Single by the Chi-Lites

from the album Chi-Lites
- Released: 1973
- Genre: Soul
- Length: 3:35
- Label: Brunswick
- Songwriter(s): Eugene Record; Stan McKenny;
- Producer(s): Eugene Record

The Chi-Lites singles chronology
| "I Found Sunshine" (1973) | "Homely Girl" (1973) | "There Will Never Be Peace" (1974) |

= Homely Girl =

1973 single by the Chi-Lites

"Homely Girl" is a song by American vocal group the Chi-Lites. Released in 1973, it reached number five on the UK Singles Chart, number three on the US Hot Soul Singles chart, and number 54 on the US Billboard Hot 100. A cover by UB40 also became a hit between 1989 and 1991 in several countries.

==Charts==

| Chart (1973) | Peak position |
|---|---|
| Canada (RPM) | 98 |
| UK Singles (OCC) | 5 |
| US Billboard Hot 100 | 54 |
| US Best Selling Soul Singles (Billboard) | 3 |

==UB40 version==

A cover version by UB40, from their ninth studio album, Labour of Love II (1989), was released as a single on November 6, 1989, in the United Kingdom. This cover reached the top 10 in the UK, France, the Netherlands, and New Zealand. In France, the song was used in a television advertisement for the Lee Cooper jeans.

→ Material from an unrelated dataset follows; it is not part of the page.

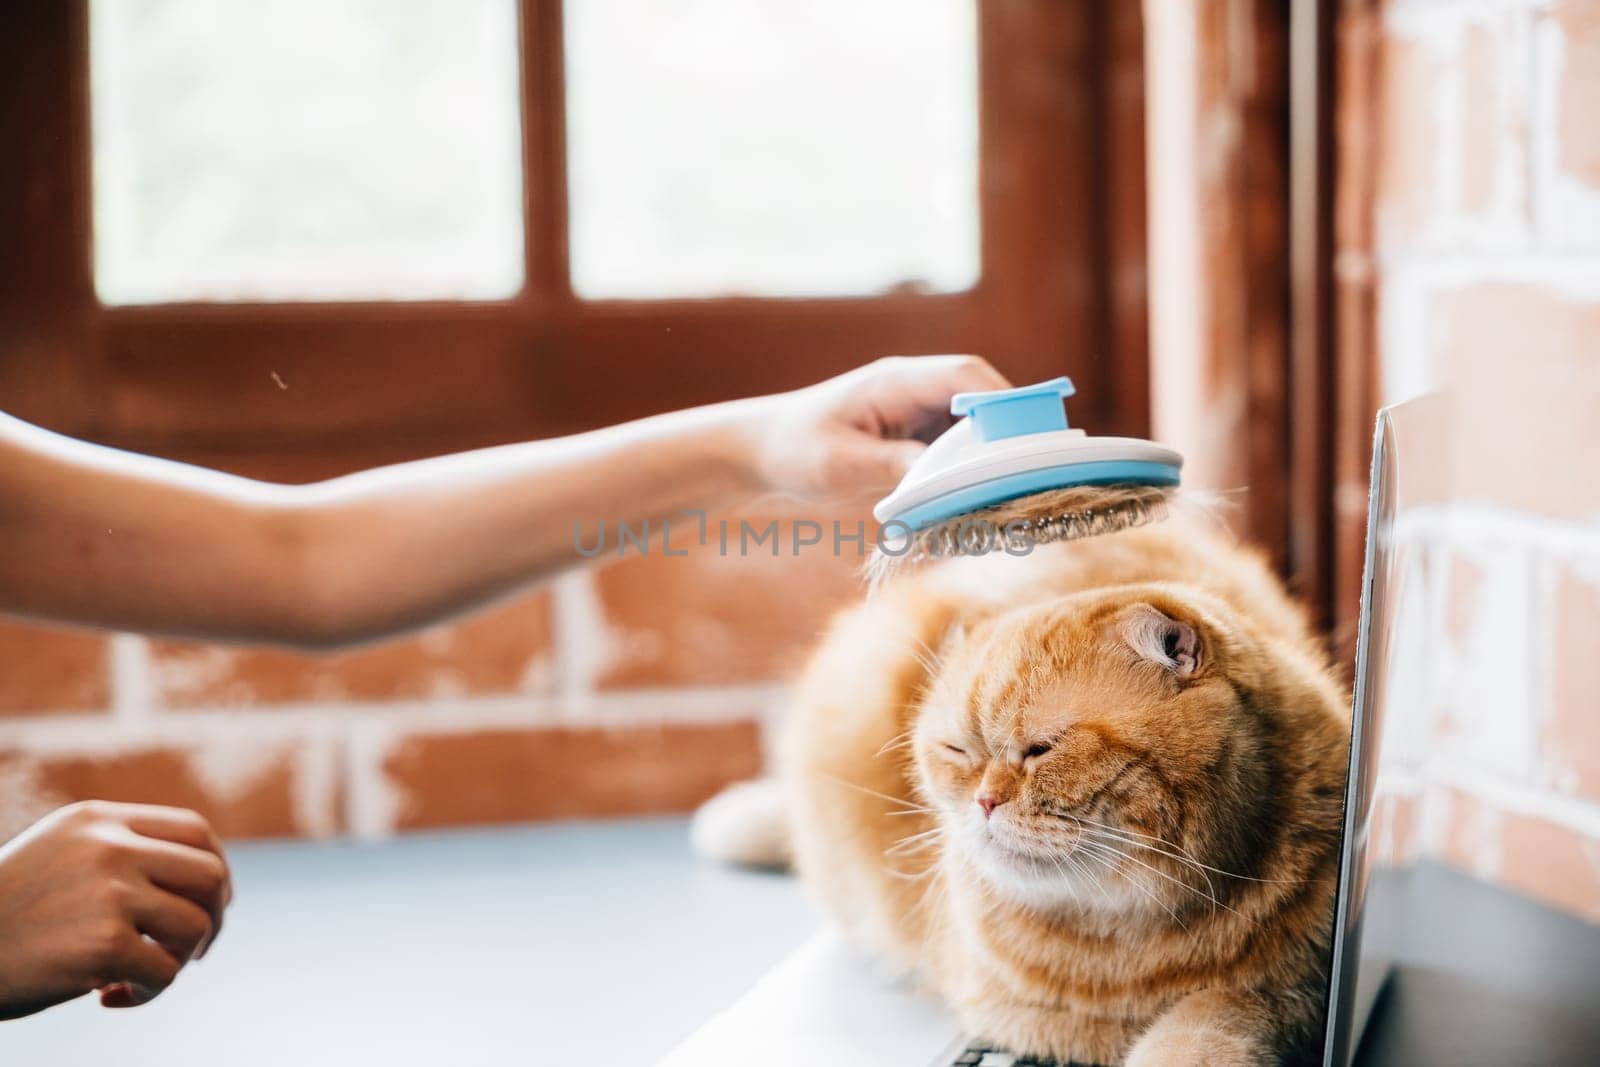 Owner's care, A woman enjoys grooming her Scottish Fold cat, who dreams peacefully during the grooming session. Their bond is evident in this relaxed and enjoyable scene. Pat love routine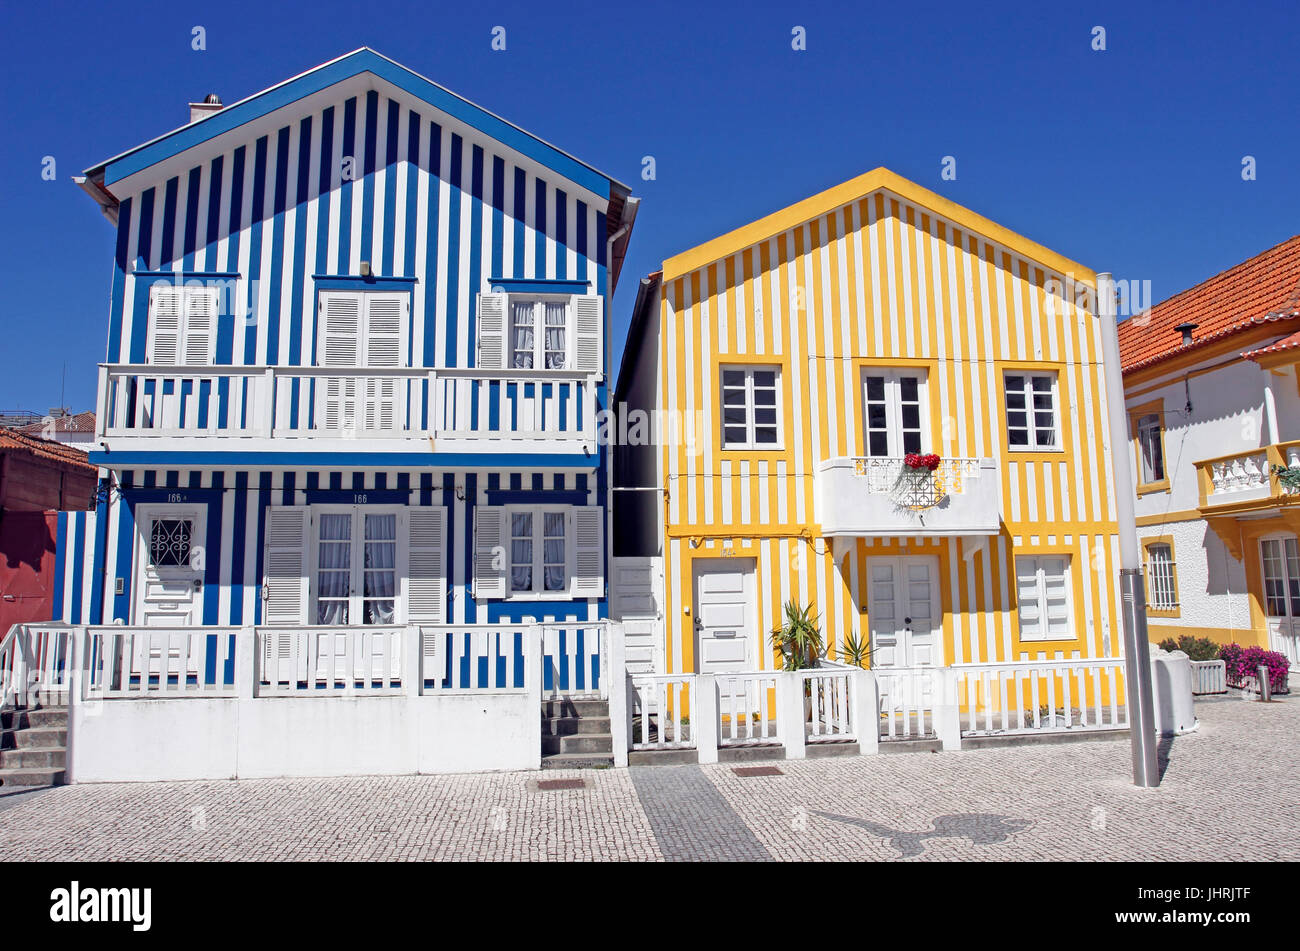 Colorful candy striped cottages in Costa Nova near Aveiro Portugal Stock Photo

David Giles of Music Week deemed "Homely Girl" as "UB40's best for a while", adding: "It's a mark of a truly great band to be able to perform a cover version so convincingly that you end up thinking they've written it themselves".

===Track listings===
7-inch single
1. "Homely Girl" – 3:22
2. "Gator" (instrumental) – 4:01

12-inch single
1. "Homely Girl" (extended mix) – 7:29
2. "Gator" (instrumental) – 4:01
3. "Homely Girl" – 3:22

CD single
1. "Homely Girl" – 3:22
2. "Gator" (instrumental) – 4:01
3. "Homely Girl" (extended mix) – 7:29

===Charts===
====Weekly charts====

| Chart (1989–1991) | Peak position |
|---|---|
| Australia (ARIA) | 52 |
| Belgium (Ultratop 50 Flanders) | 11 |
| Europe (Eurochart Hot 100) | 19 |
| Finland (Suomen virallinen lista) | 30 |
| France (SNEP) | 4 |
| Ireland (IRMA) | 10 |
| Netherlands (Dutch Top 40) | 2 |
| Netherlands (Single Top 100) | 2 |
| New Zealand (Recorded Music NZ) | 4 |
| UK Singles (OCC) | 6 |

====Year-end charts====

| Chart (1989) | Position |
|---|---|
| Netherlands (Dutch Top 40) | 90 |
| Netherlands (Single Top 100) | 73 |
| UK Singles (OCC) | 94 |

| Chart (1990) | Position |
|---|---|
| Belgium (Ultratop 50 Flanders) | 99 |
| Netherlands (Dutch Top 40) | 58 |

===Certifications===

| Region | Certification | Certified units/sales |
| France (SNEP) | Silver | 125,000^{*} |
| New Zealand (RMNZ) | 2× Platinum | 60,000^{‡} |
| United Kingdom (BPI) | Silver | 200,000^{‡} |
^{*} Sales figures based on certification alone. ^{‡} Sales+streaming figures based on certification alone.

==Other versions==
In 1974, Jackie Robinson, lead singer of the Pioneers, released a cover version in the UK on Trojan Records' subsidiary label Harry J. It was this reggae version that inspired UB40, whose "Labour of Love" albums are cover versions of reggae tracks of the 1960s and 1970s.